Another observation about Monte Carlo simulations is that they are relatively

easy to explain to the end user of the prediction. The person receiving this estimate may not

have a deep mathematical background but can intuitively understand what this simulation

is doing and how to assess the likelihood of the range of potential results.

Finally, I think the approach shown here with python is easier to understand and

replicate than some of the Excel solutions you may encounter. Because python is

a programming language, there is a linear flow to the calculations which you can follow.

## Conclusion

A Monte Carlo simulation is a useful tool for predicting future results

by calculating a formula multiple times with different random inputs.
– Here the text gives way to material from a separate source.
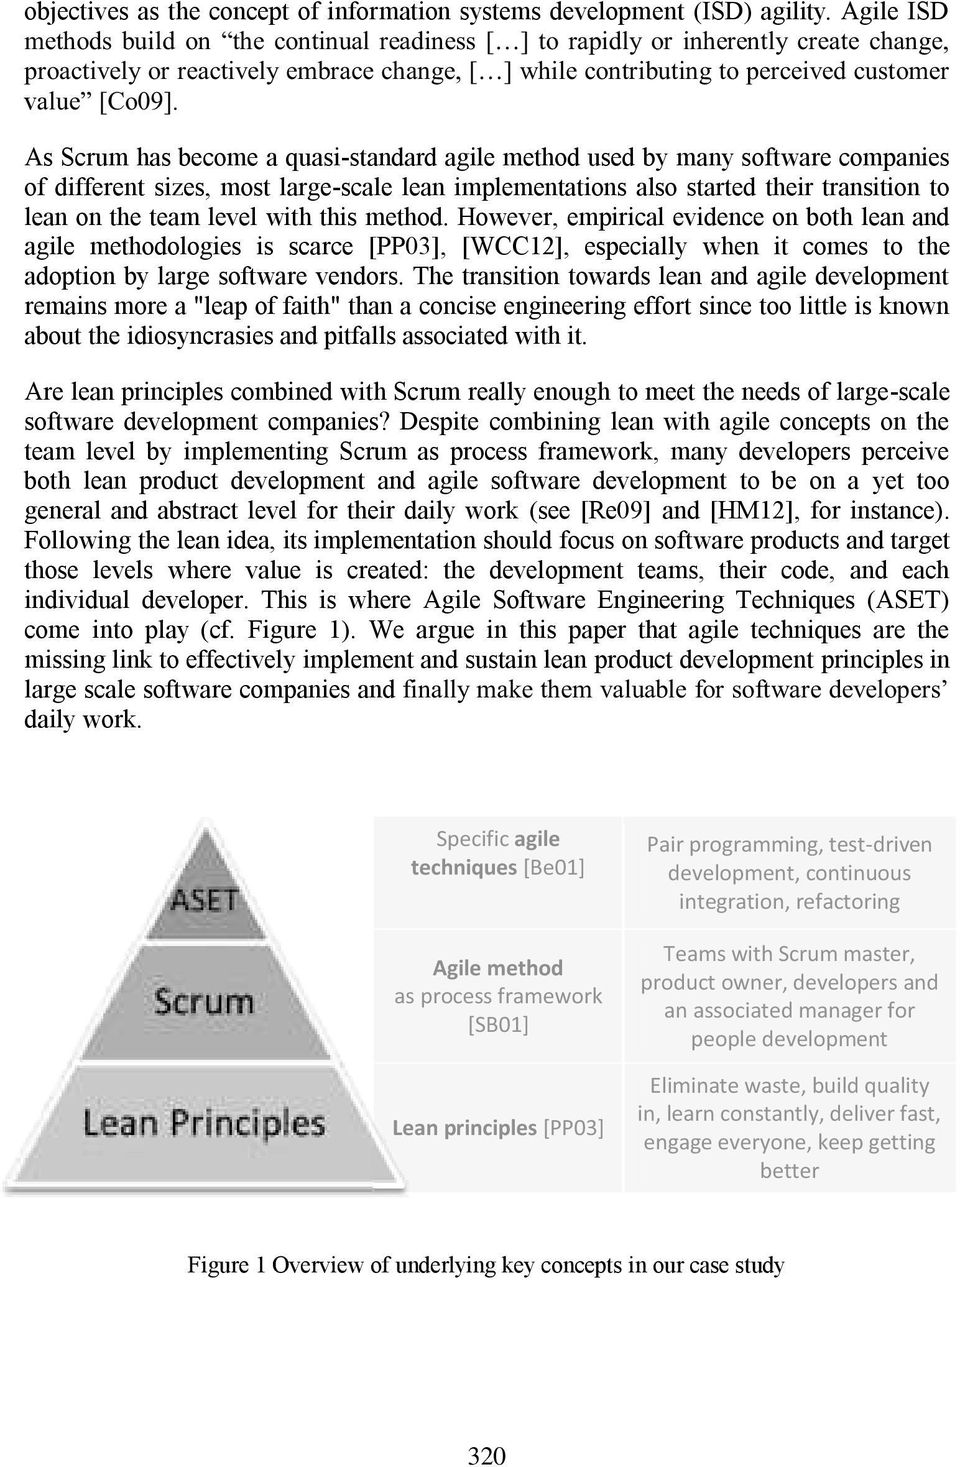 As Scrum has become a quasi-standard agile method used by many software companies of different sizes, most large-scale lean implementations also started their transition to lean on the team level

This is a

process you can execute in Excel but it is not simple to do without some VBA or

potentially expensive third party plugins. Using numpy and pandas to build a model and

generate multiple potential results and analyze them is relatively straightforward.

The other added benefit is that analysts can run many scenarios by changing the inputs

and can move on to much more sophisticated models in the future if the needs arise.

Finally, the results can be shared with non-technical users and facilitate discussions

around the uncertainty of the final results.

I hope this example is useful to you and gives you ideas that you can apply

to your own problems. Please feel free to leave a comment if you find this article

helpful for developing your own estimation models.